Antisolvent Precipitation of Lipid Nanoparticles in Microfluidic Systems – A Comparative Study


Authors: J. Riewe, P. Erfle, S. Melzig, A. Kwade, A. Dietzel, and H. Bunjes

Journal: International Journal of Pharmaceutics

DOI: 10.1016/j.ijpharm.2020.119167

Publication - Abstract

April 15, 2020

Abstract

Microsystems offer promising possibilities to produce nanoparticles which can be used as carriers for poorly water-soluble active substances. The aim of the present study was to compare the preparation of lipid nanoparticles by precipitation in different microsystems: A segmented-flow micromixer, a high-pressure micromixer and the commercial NanoAssemblrTM platform with a staggered herringbone micromixer.

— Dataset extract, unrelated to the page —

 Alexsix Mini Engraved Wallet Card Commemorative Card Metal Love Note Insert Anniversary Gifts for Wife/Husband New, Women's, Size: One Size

A batch set-up served as reference experiment. Castor oil nanoemulsions prepared with polysorbate 80 as surfactant in the aqueous phase were in the size range of 36–160 nm. The particle sizes could be reduced to 43–93 nm when the surfactant was processed via the ethanolic phase. Furthermore, glycerol monooleate nanodispersions (65–141 nm) were manufactured with poloxamer 407 added as stabilizer via the aqueous phase. Deposition of lipid material in the segmented-flow micromixer could be reduced by a modification of the design. Preparation in the high-pressure mixer and in the herringbone mixer at high total flow rates resulted in the smallest particles for castor oil emulsions, but with bimodal distributions. The particle size of glycerol monooleate dispersions was smallest when prepared in the high-pressure micromixer and in the herringbone micromixer at a higher flow rate. In conclusion, microfluidic systems can be a useful tool to produce lipid nanoparticles.